■ TASK INSTRUCTIONS
Retype exactly what appears below from the line containing "Two vases, 1950s" down to the line containing "TriStar Sporting Arms RAPTOR 12 GAUGE", keeping both end lines. Do not include pictures.

■ DATA SUPPLIED
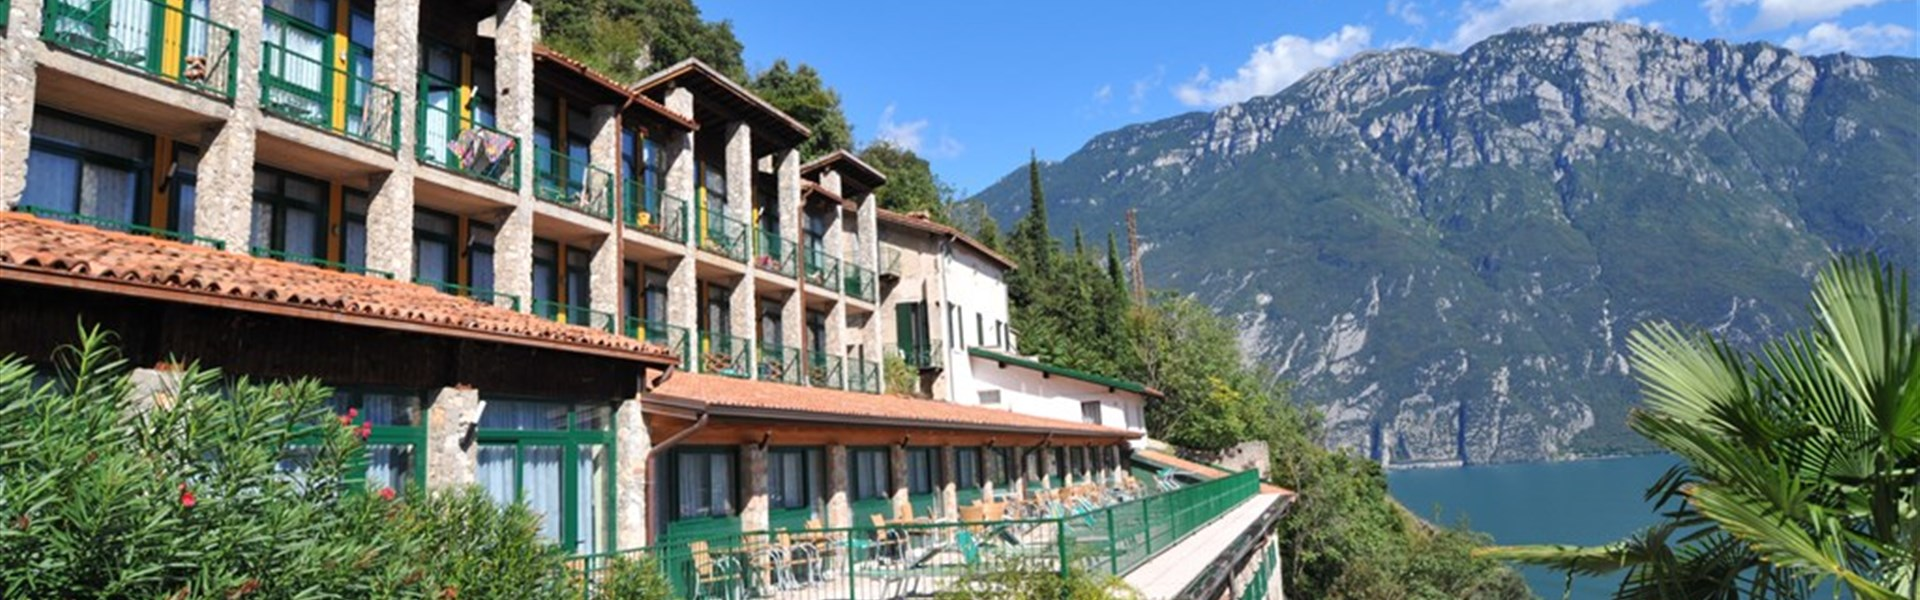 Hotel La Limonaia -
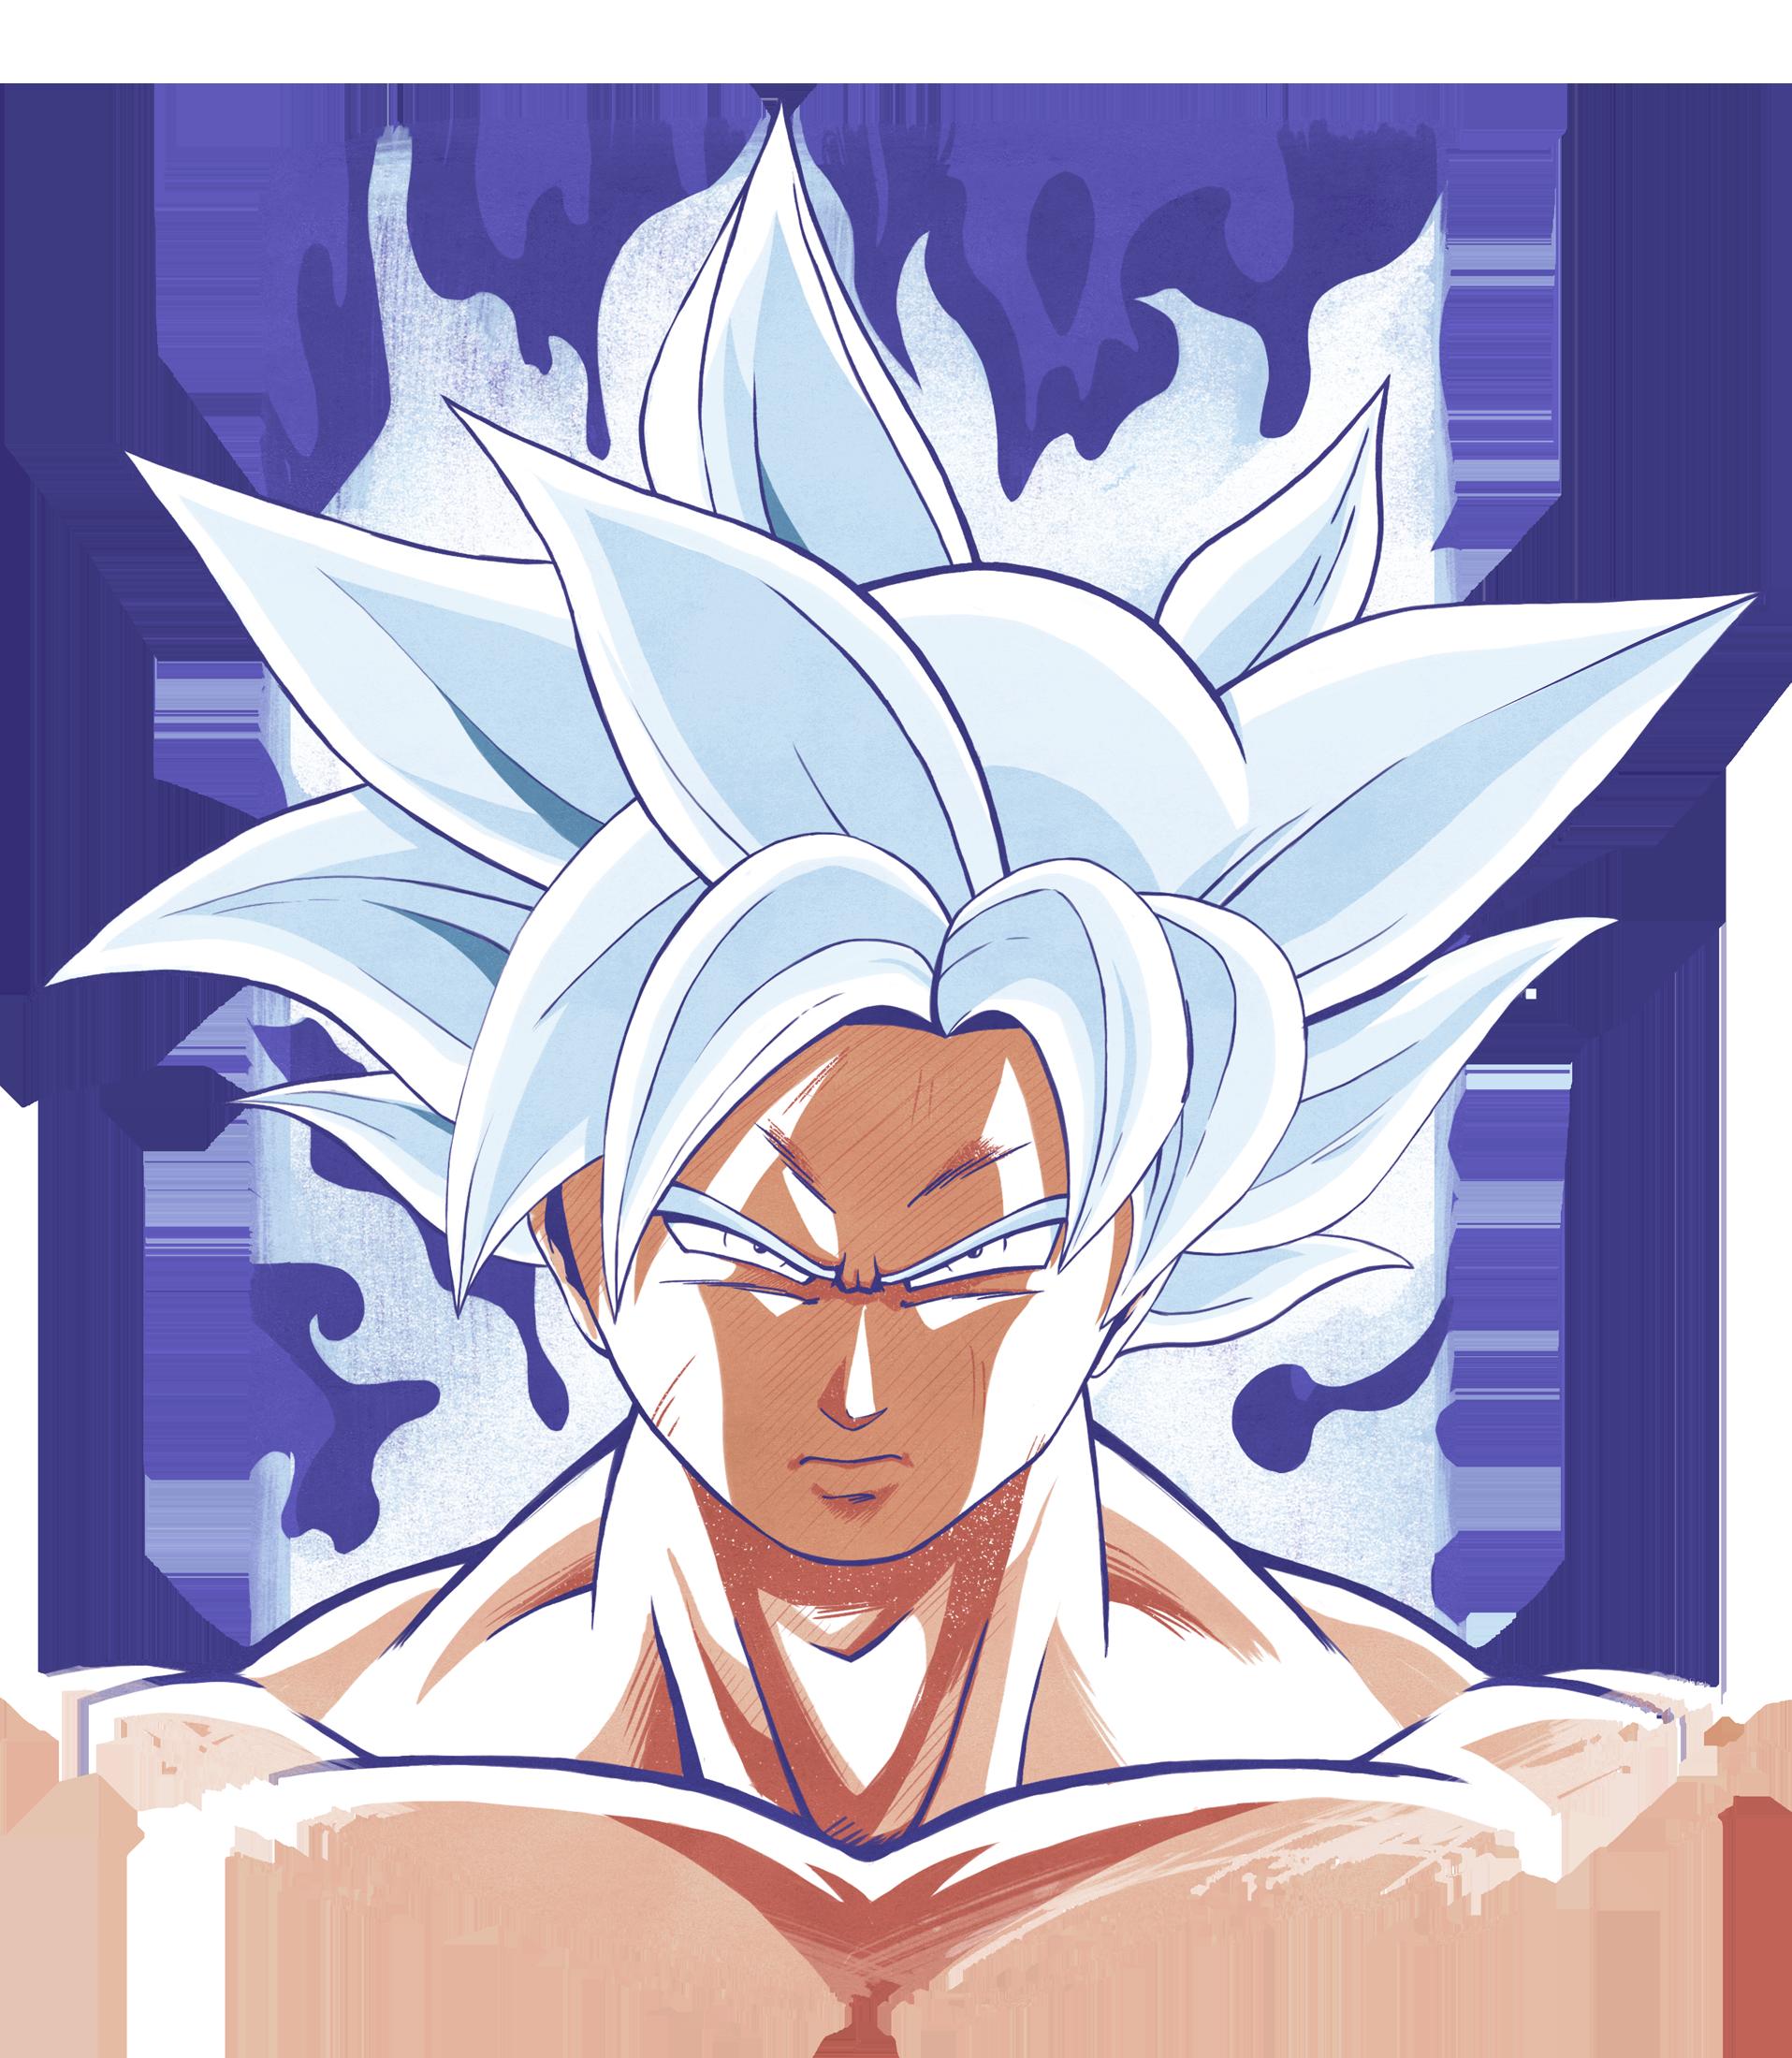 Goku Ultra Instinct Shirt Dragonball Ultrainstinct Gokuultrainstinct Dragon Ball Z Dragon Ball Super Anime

--

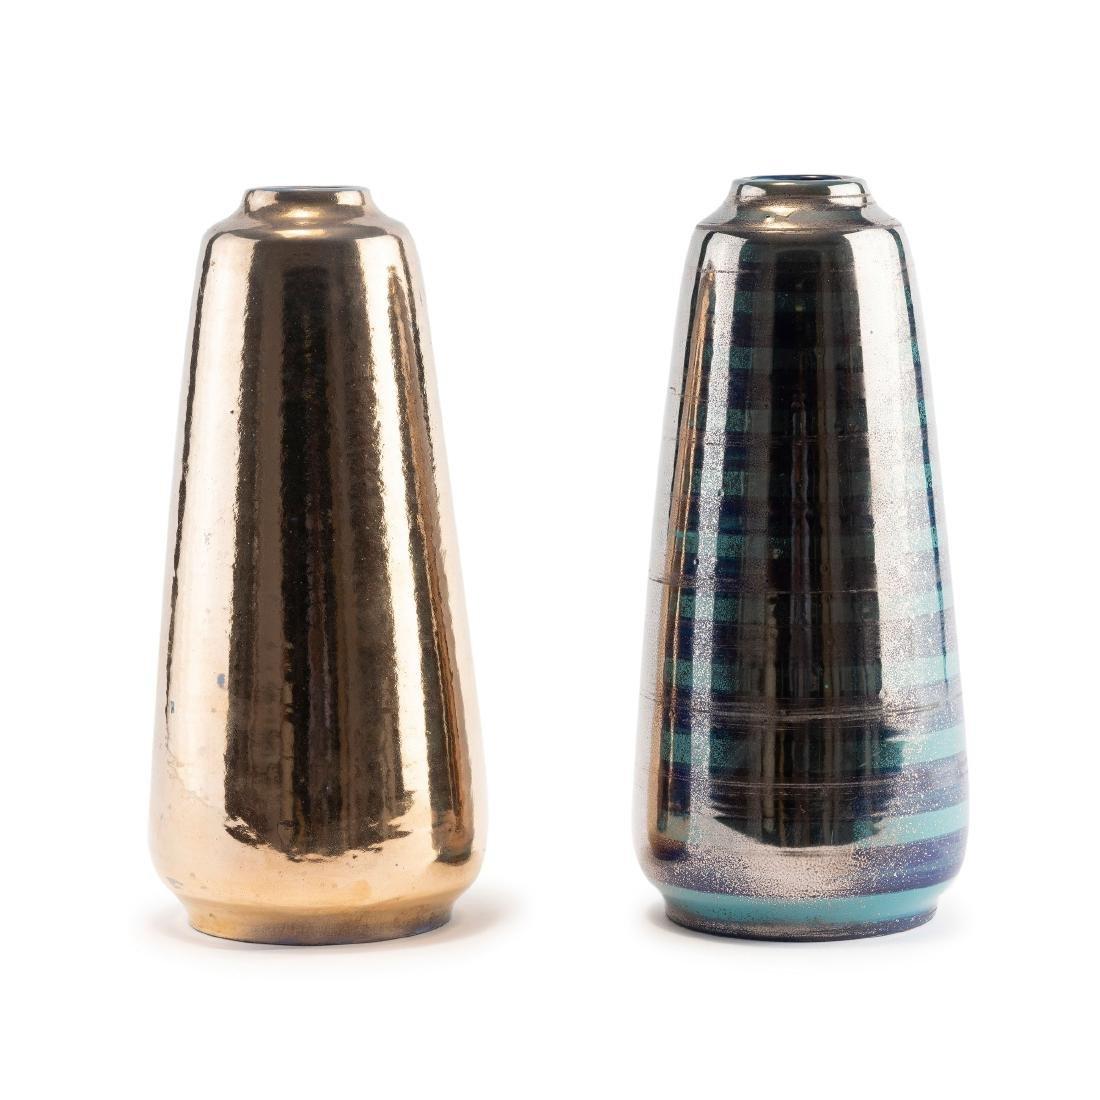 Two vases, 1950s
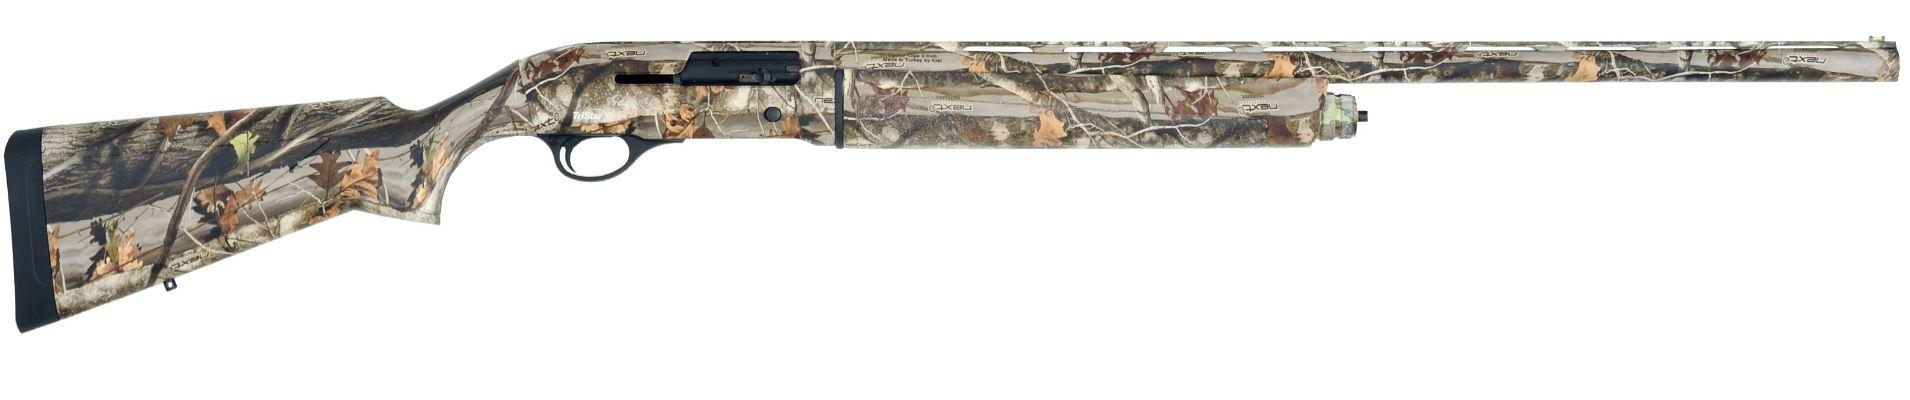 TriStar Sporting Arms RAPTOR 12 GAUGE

==

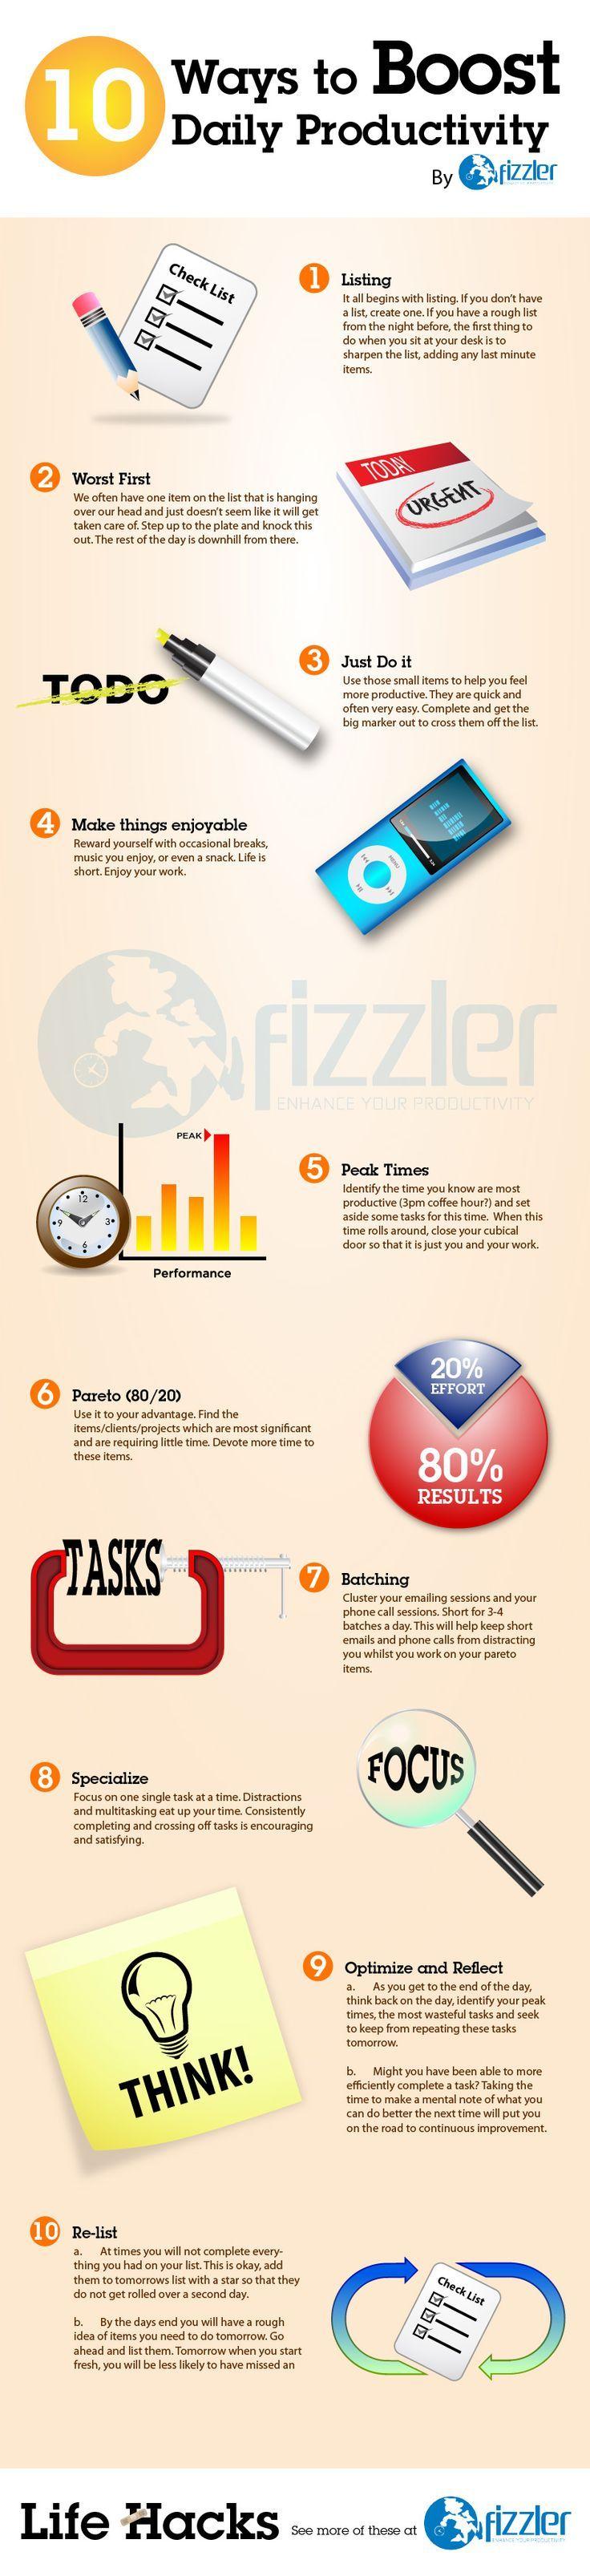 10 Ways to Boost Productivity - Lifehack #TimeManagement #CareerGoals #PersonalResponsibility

■ FINISHED EXERCISE
 Two vases, 1950s
 TriStar Sporting Arms RAPTOR 12 GAUGE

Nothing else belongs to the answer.